"Jamanak" est né le 28 octobre 1908, quand la Turquie était encore l'Empire ottoman et les Arméniens ses citoyens. Cent ans après les massacres de 1915, le plus vieux quotidien turc continue à informer la communauté arménienne d'Istanbul dans sa langue.
Entrer au siège de Jamanak, Le Temps en arménien, c'est un peu comme poser le pied dans un musée. Derrière la porte d'un discret immeuble du quartier de Feriköy, des reproductions du premier numéro et de numéro du centenaire accueillent le visiteur, au-dessus d'un buste en bronze du fondateur, toutes moustaches dehors.
Dans un labyrinthe de couloirs, les murs sont recouverts de photos ou des rayonnages où s'entassent les collections du journal, précieusement conservées.
De son étroit bureau, le directeur de la publication et petit-neveu du fondateur, Ara Koçunyan, dicte à l'ancienne ses articles à trois secrétaires de rédaction, dont les écrans d'ordinateurs se noircissent de caractères arméniens.
"Nous sommes le journal de la communauté arménienne de Turquie", annonce le patron. "Jamanak est publié depuis si longtemps et sans interruption, il a traversé tant d'événements et d'époques qu'il est devenu une anthologie de la vie des Arméniens sous la République de Turquie", ajoute-t-il, "il est notre mémoire".
Six jours par semaine, ses 2.000 exemplaires quotidiens sont tirés sur une rotative époumonée, dans un rez-de-chaussée proche de la rédaction. Comme autrefois.
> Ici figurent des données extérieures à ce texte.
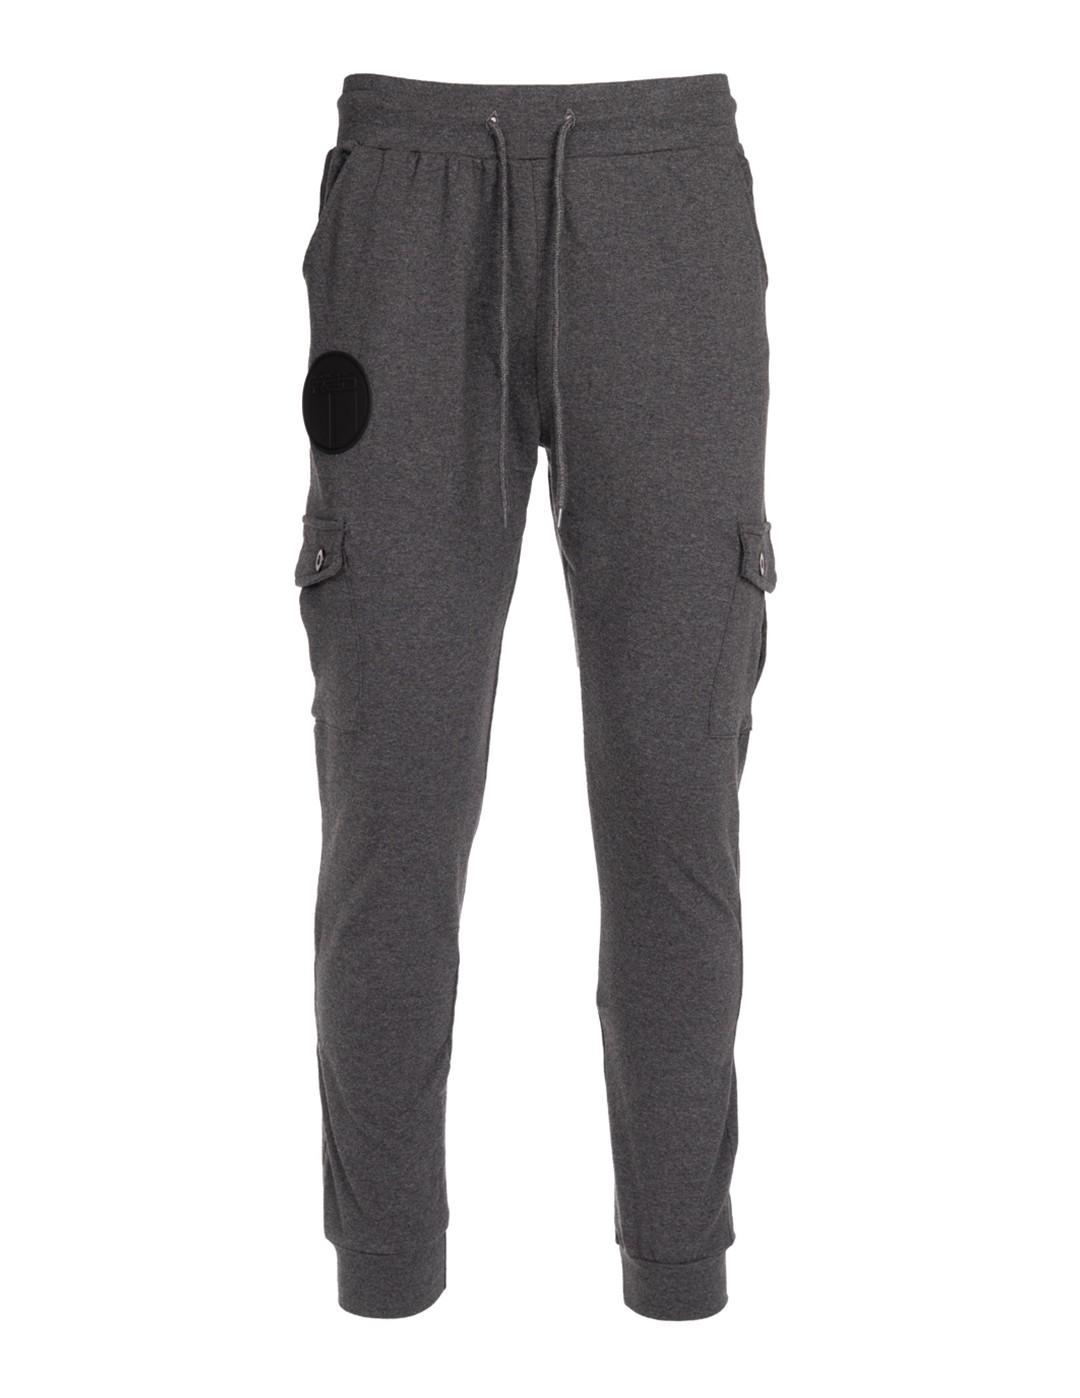 Sweatpants Side Pocket Grey

L'imprimerie est le domaine exclusif d'Ibrahim Celik, un septuagénaire d'origine kurde et arménienne qui, même s'il confesse ne pas savoir parler, ni lire la langue de sa grand-mère, se fait une haute opinion de sa fonction.
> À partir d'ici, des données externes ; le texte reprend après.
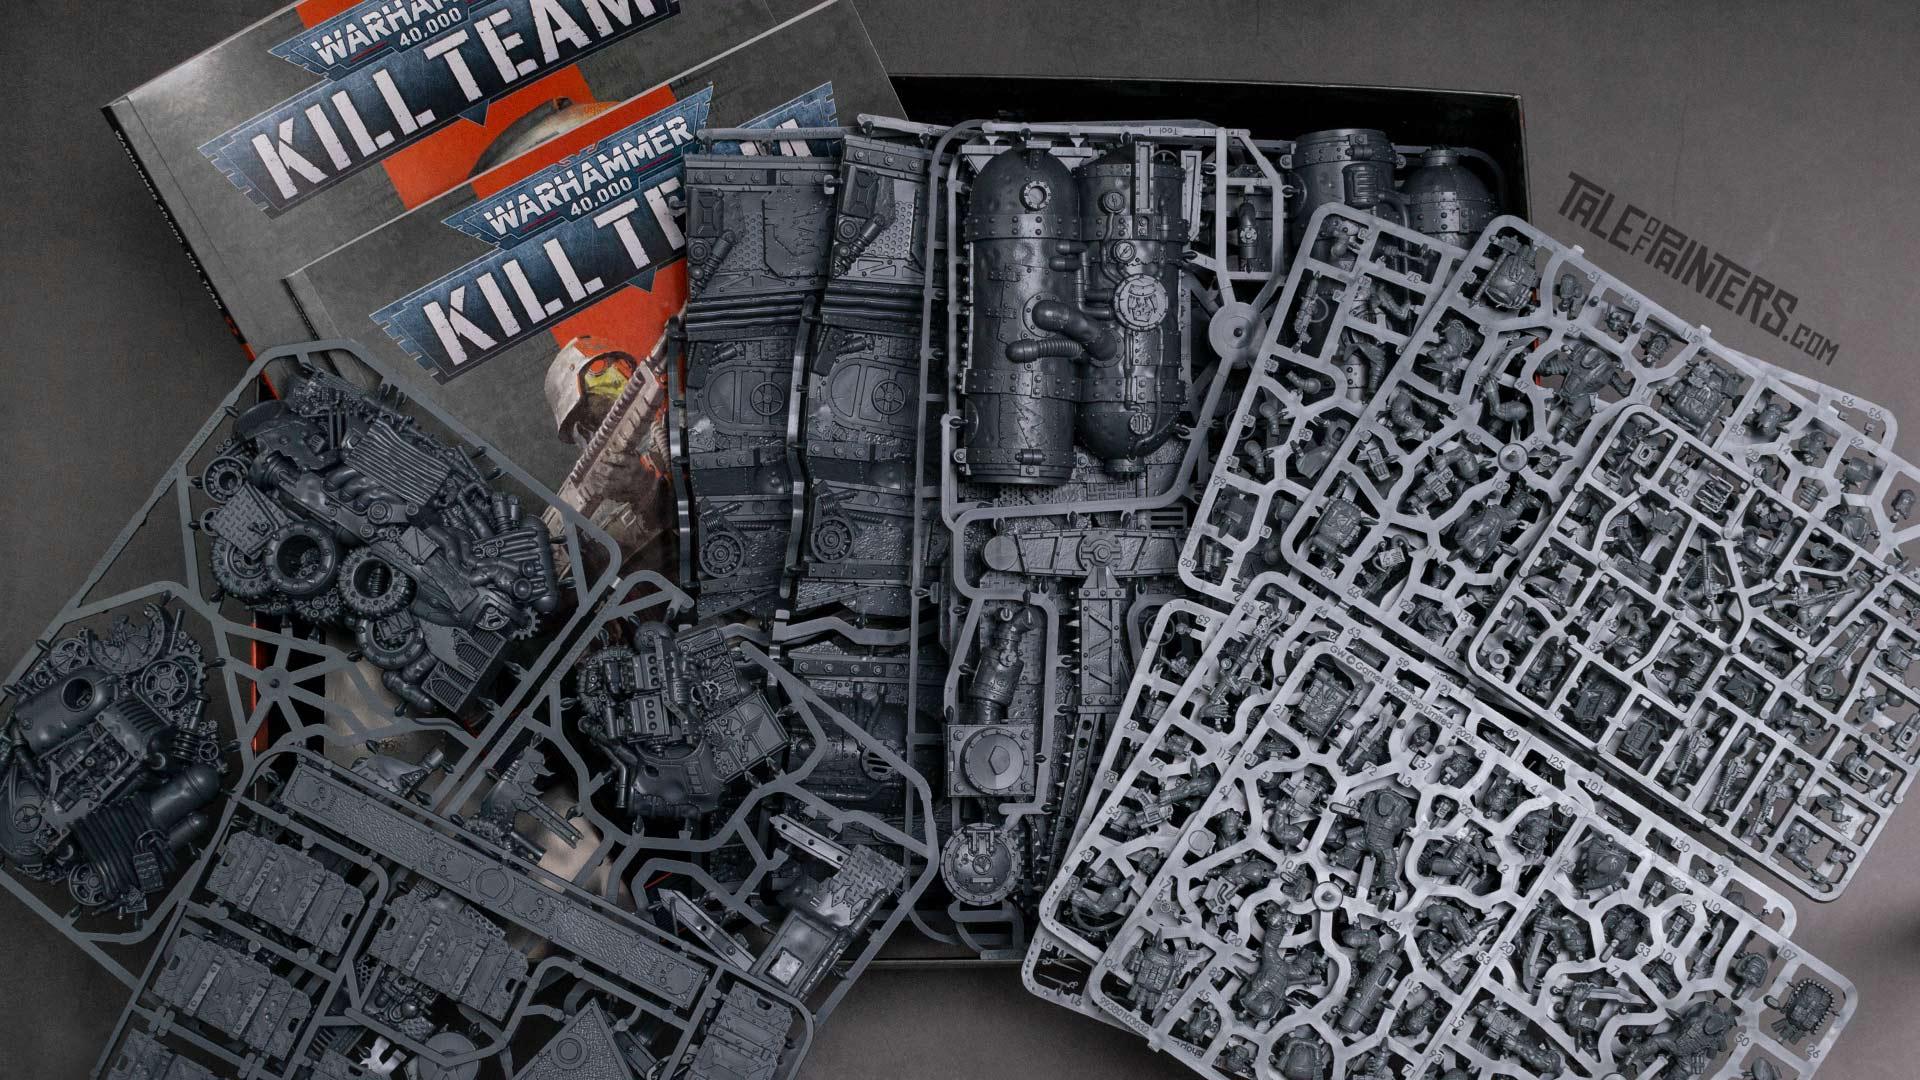 Kill Team: Octarius box opened

"Il est très important d'imprimer ce journal pour ne pas perdre cette langue", explique doctement l'imprimeur, "si ce genre de journaux n'était pas imprimé, tous les enfants oublieraient l'arménien et finiraient par oublier leurs origines".
Lien culturel, Jamanak se veut aussi organe d'influence auprès des quelque 60.000 Turcs d'origine arménienne officiellement recensés dans le pays, surtout à Istanbul.
- 'Préparer l'avenir' -
Son prestige n'a rien à voir avec celui de l'hebdomadaire Agos, écrit en turc. En 2007, l'assassinat de son directeur, le journaliste d'origine arménienne Hrant Dink, a créé une onde de choc en Turquie et réveillé dans le pays les fantômes des tueries de 1915.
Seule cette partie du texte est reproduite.